* To do: Please reproduce the lines of the records below from the one holding "Compass chess stock" through the one holding "converse all star navy leather", inclusive, skipping all pictures.

* Source data:
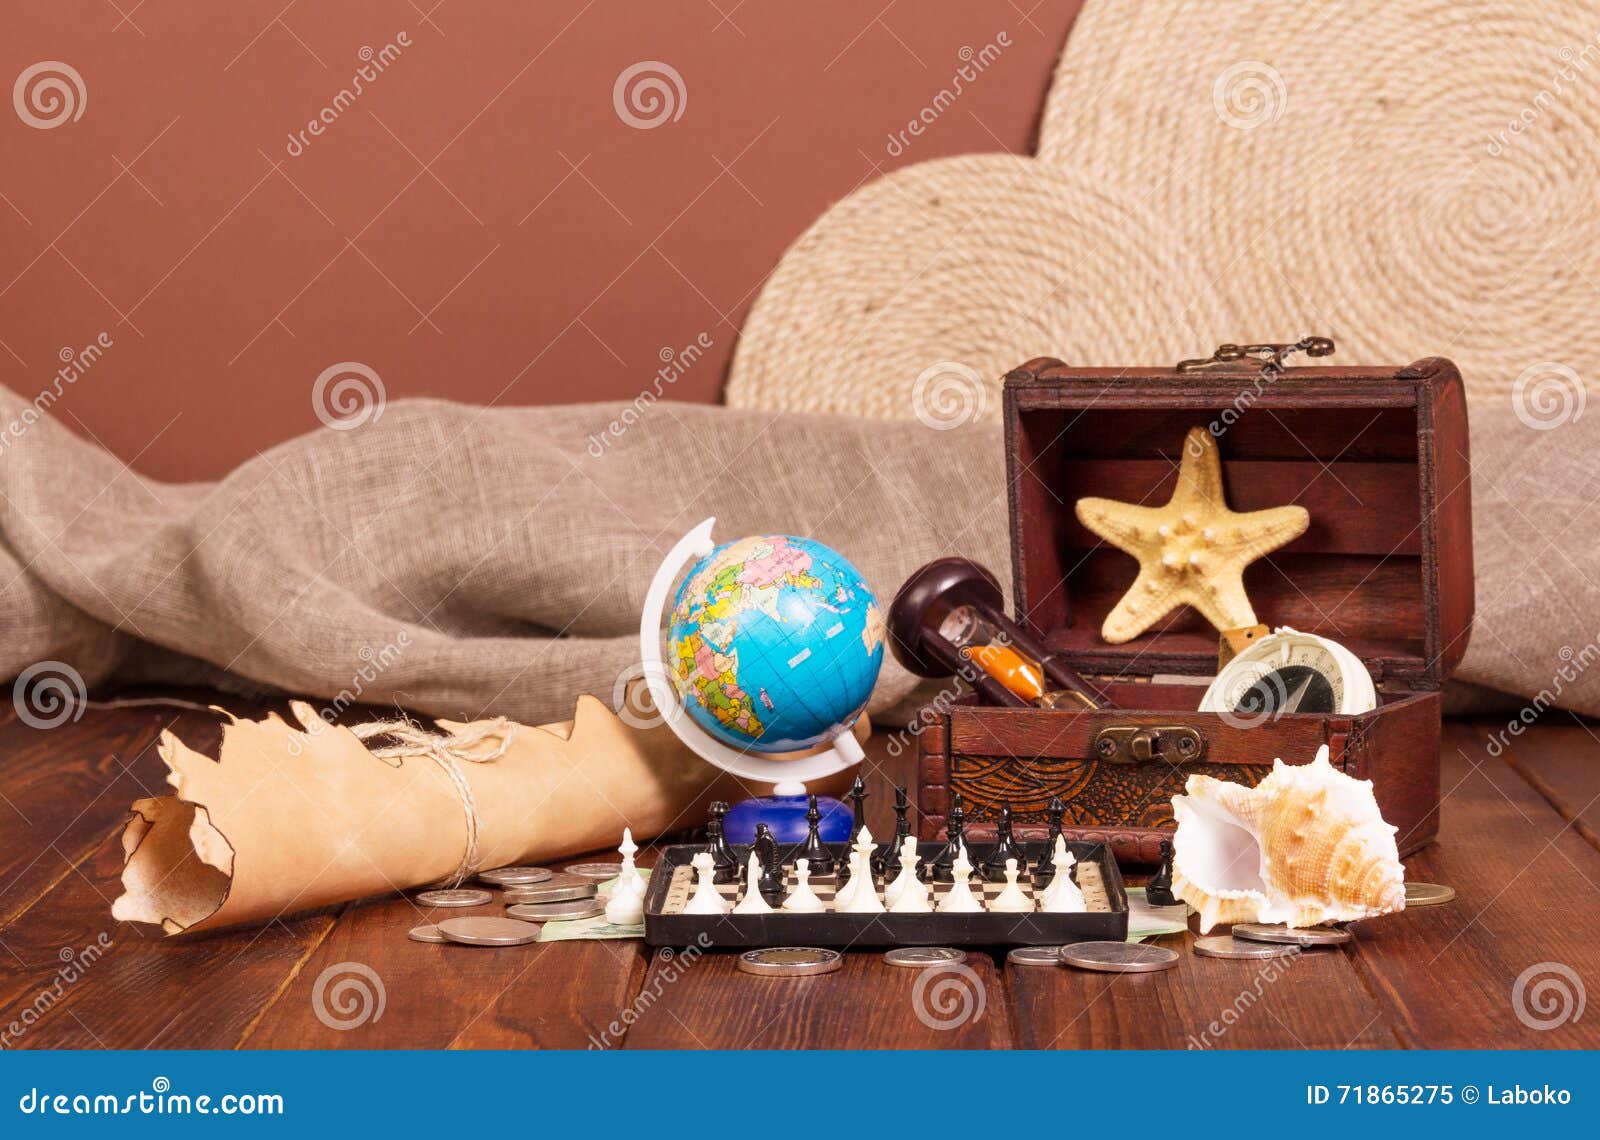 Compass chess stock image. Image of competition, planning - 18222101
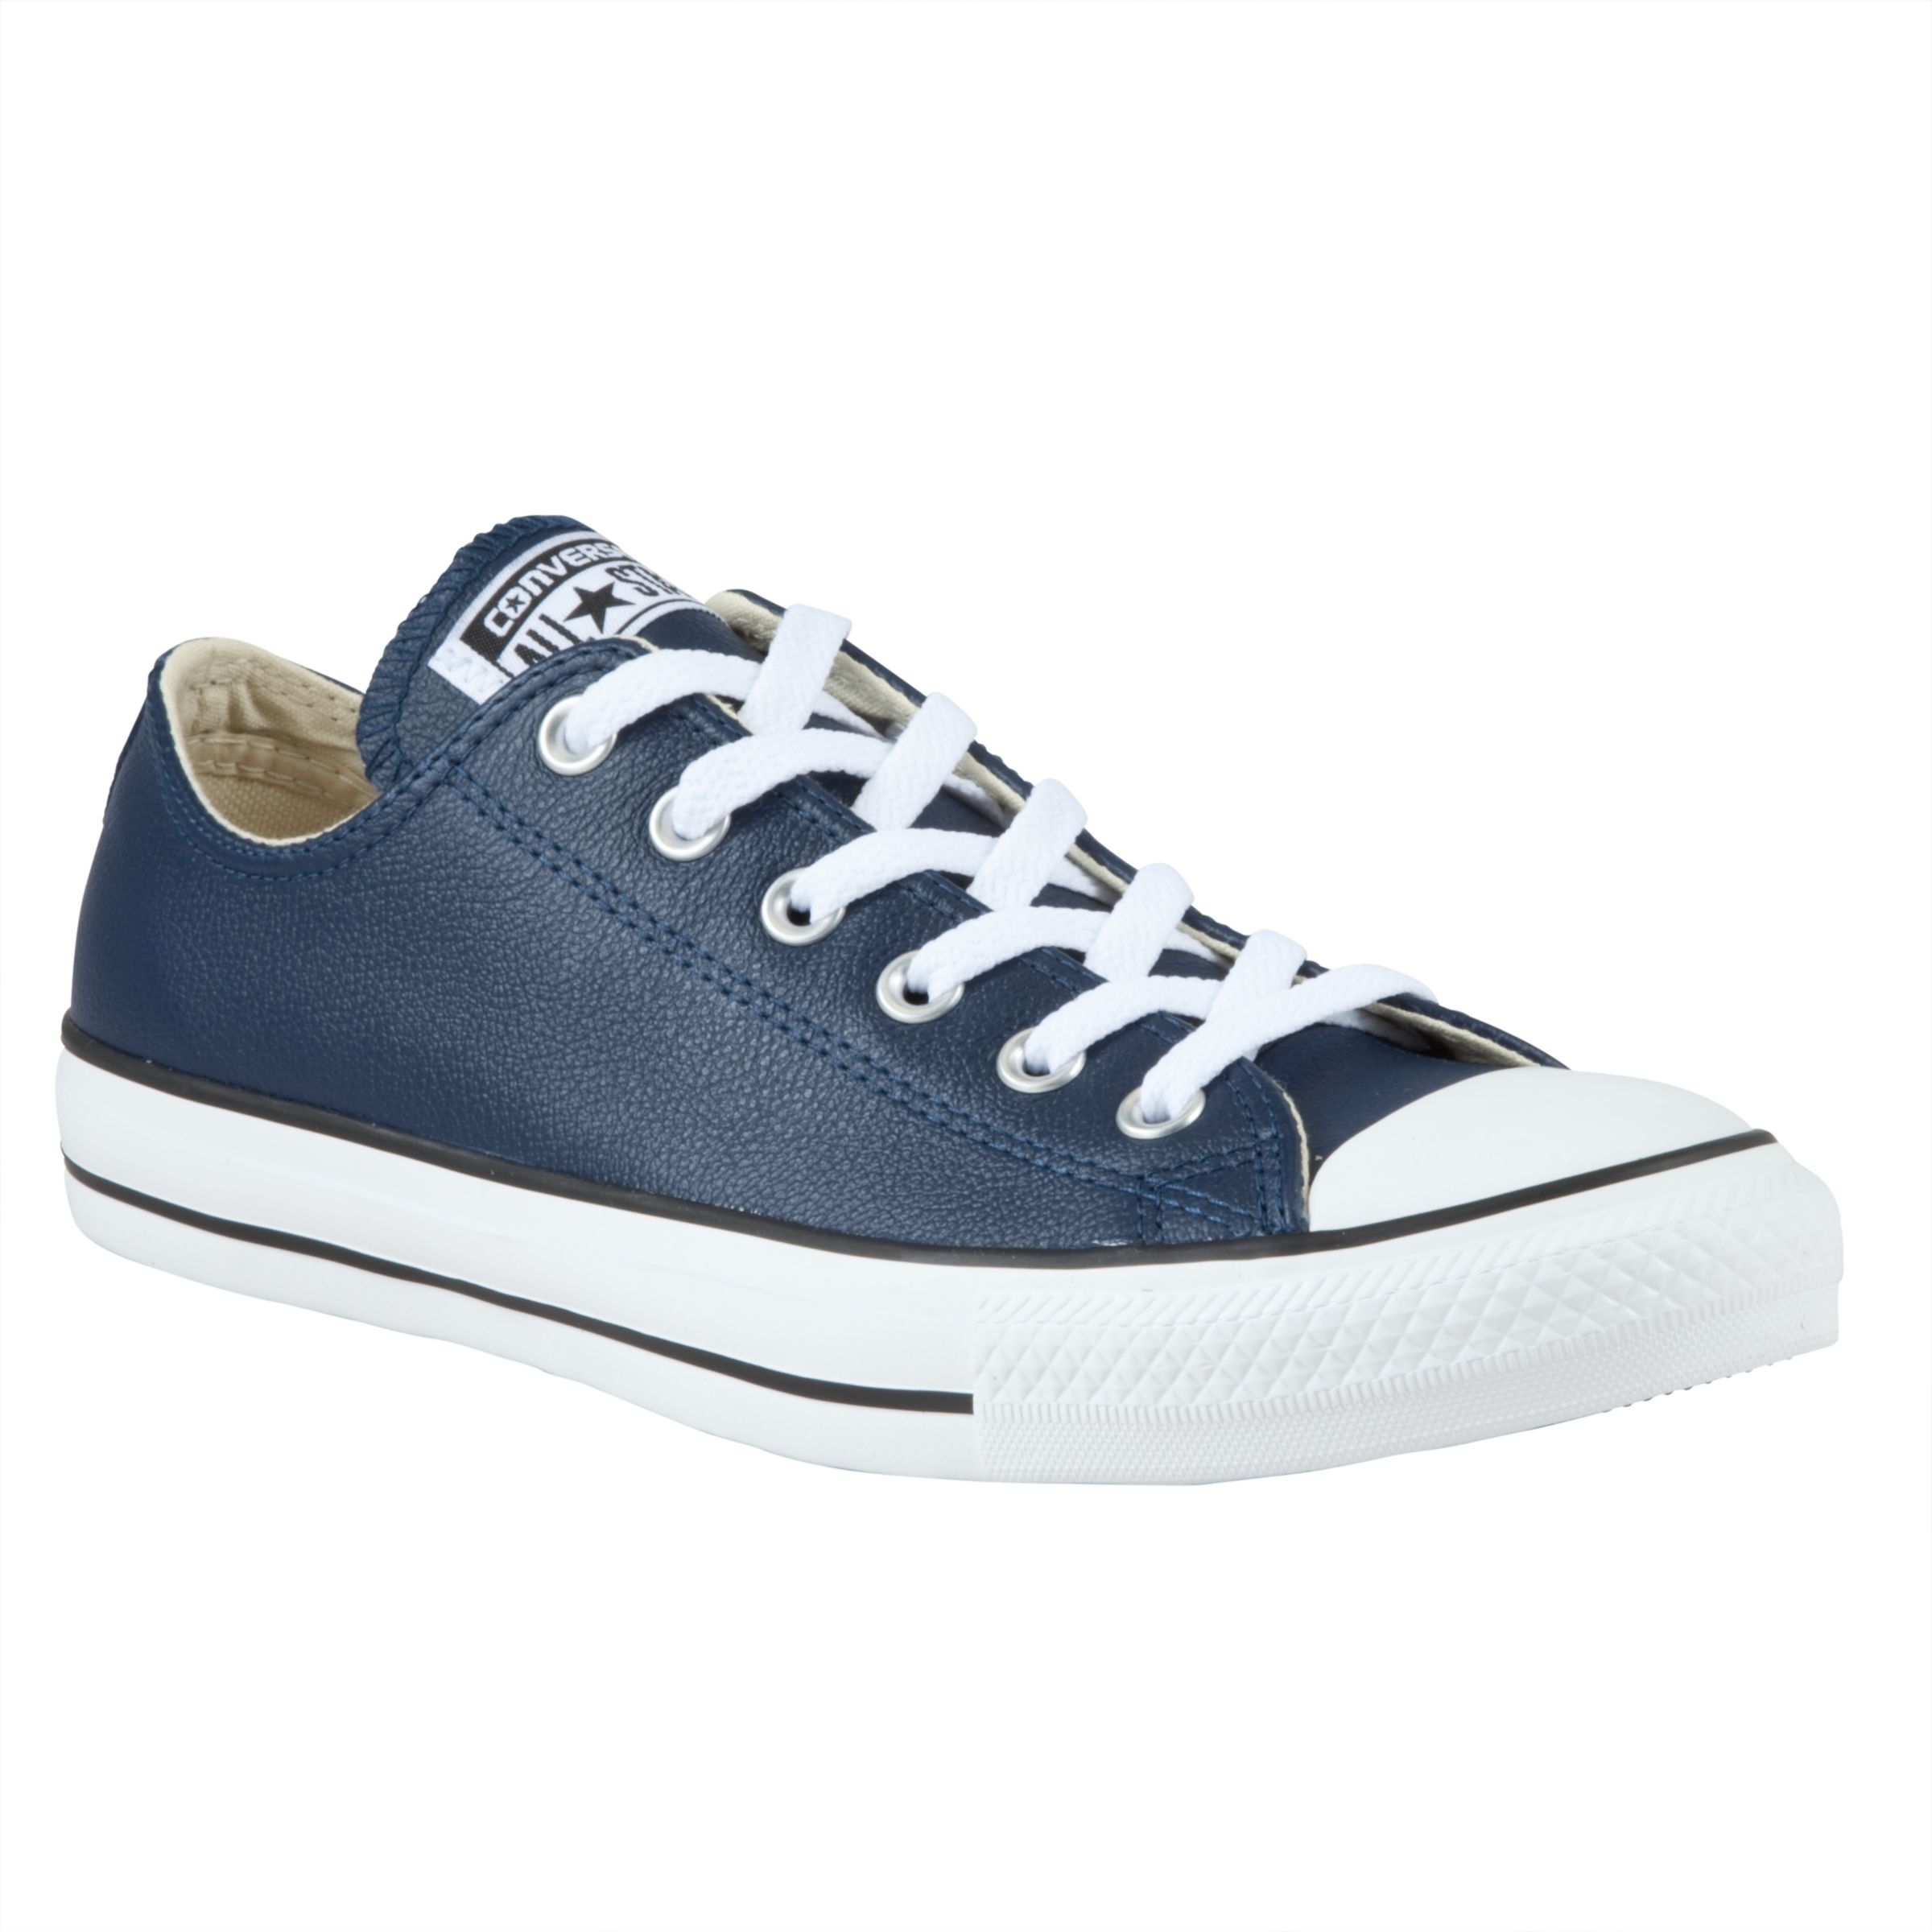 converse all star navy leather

* * *

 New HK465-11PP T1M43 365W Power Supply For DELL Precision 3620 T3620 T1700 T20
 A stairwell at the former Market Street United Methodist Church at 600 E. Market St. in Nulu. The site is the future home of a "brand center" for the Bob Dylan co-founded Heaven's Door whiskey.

* Response:
 Compass chess stock image. Image of competition, planning - 18222101
 converse all star navy leather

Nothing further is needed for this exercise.